How to procede? Well that is a pretty broad question.

I would suggest starting a thread in the "Gear and Maintenance" section saying something like, "Where to start on my stripped down Ensenada 20?". I would also include what you intend to use the boat for. Daysails? Overnighter? 
Do you need sails?
Does it need any fiberglassing or structural work done to it? 
Do you have the JUST the mast and boom or do you have all the rigging also?

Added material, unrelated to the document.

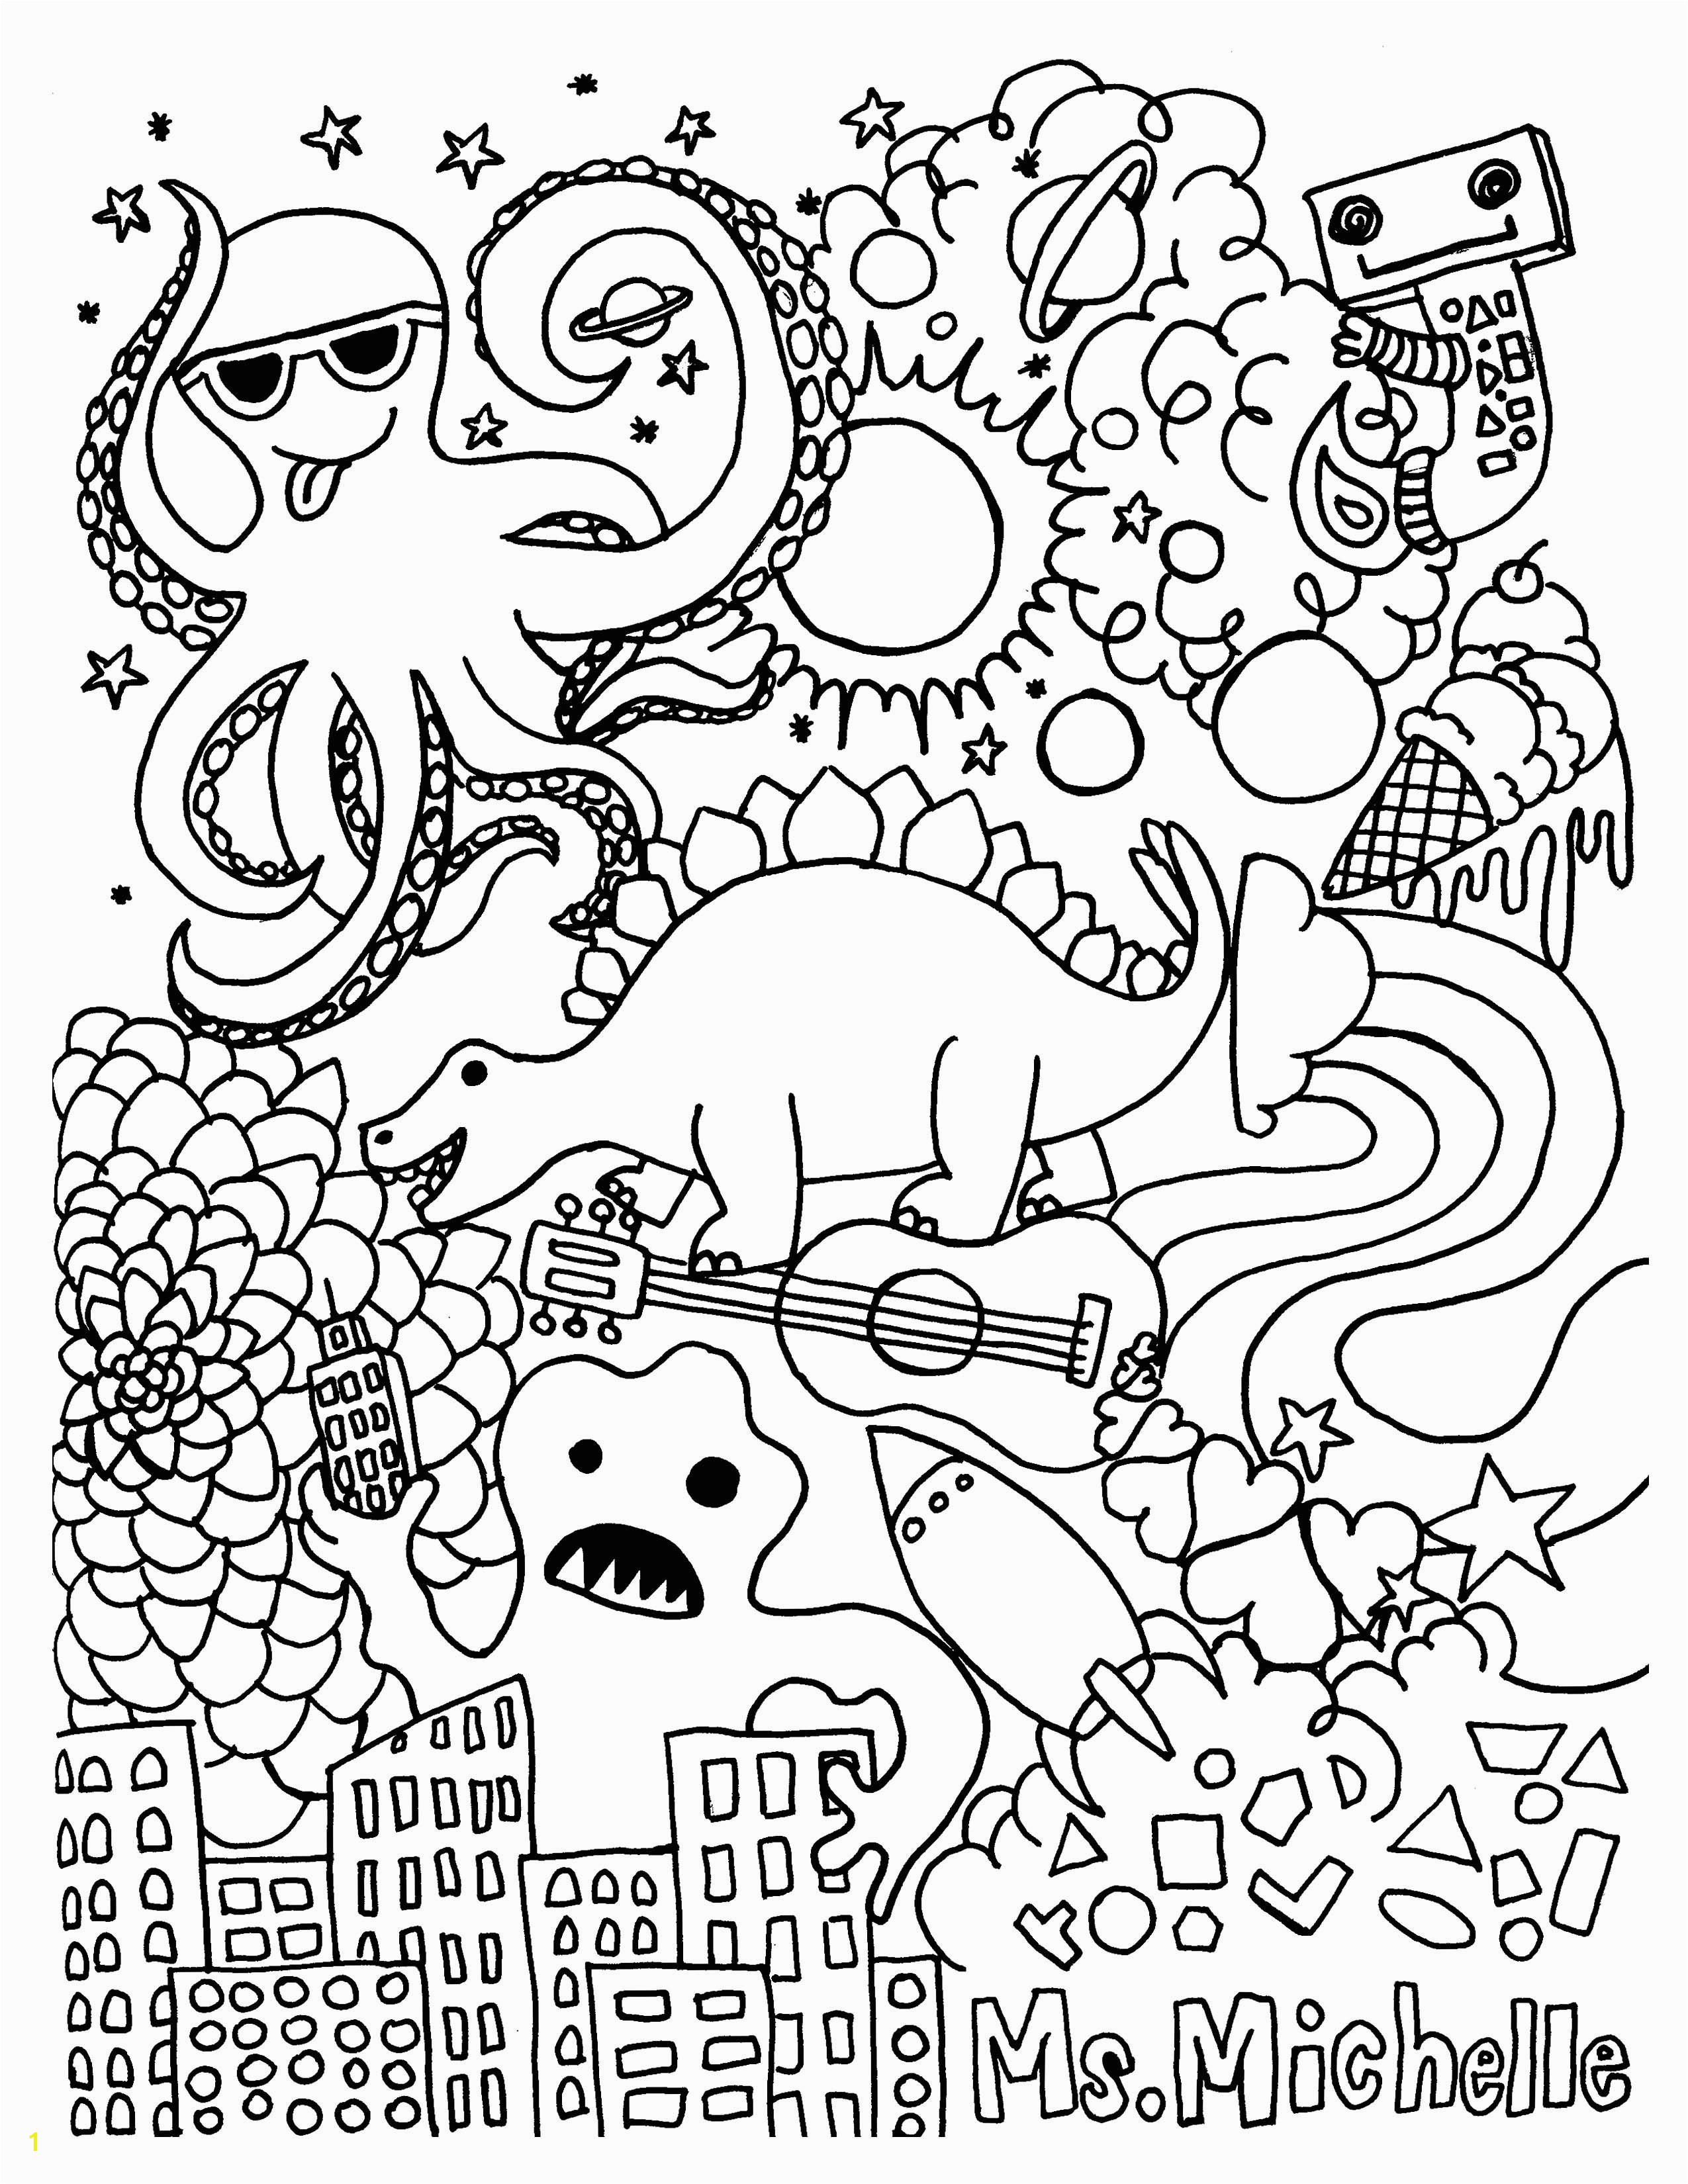 Printing Coloring Pages Lovely Cool Coloring Page Unique Witch

Giving as much information about the boat will help everyone guide you in the right direction.


----------



## SKlem (Mar 29, 2011)

*My Hole in the Water*

Ok so now for more information!! My ( New to Me ) E 20 is an empty hull, everything has been stripted out of her. bunks, cieling, all wood, wiring, cabinets, mast support, ect... there is nothing left to make templates out of. Which may be a good thing. I can redesign the interier to suit my needs. paint inside and out, top to bottom. glass work. topside is weathered. cracks need to be filled. bow rail's bent. no pullies, turn buckels, needs new ropes. I do have the sails, main and jib, they appear to be in good working order. I wish to use her for weekend live abourd outings, fishing, and sailing on my 2 week vacations, shed needs to be rigged for single handeling cuz it'll be just me doing the sailing. I'm 5'5" so I'm not to worried about the head room. I've done paint and body work in the past so I plan on doing everything myself. also I'm trying to refit her on a very tight budget.
hope this helps!!


----------



## cd66312 (Aug 17, 2011)

Tried to PM you but haven't got enough posts . How is the refit doing? I'm about to start an interior refit myself and was in search of ideas. Cabin layout in mine makes a lot of sense for what your thinking of doing, let me know if you want some pics before I tear it out.


----------



## Blakleys (Sep 16, 2011)

Sounds like you have a lot of work to do, but it'll be fun!! My husband and I are hoping to find a boat in good sailing condition that we can fix up also. Post some pics of your progress when you get a chance!
Tanya


----------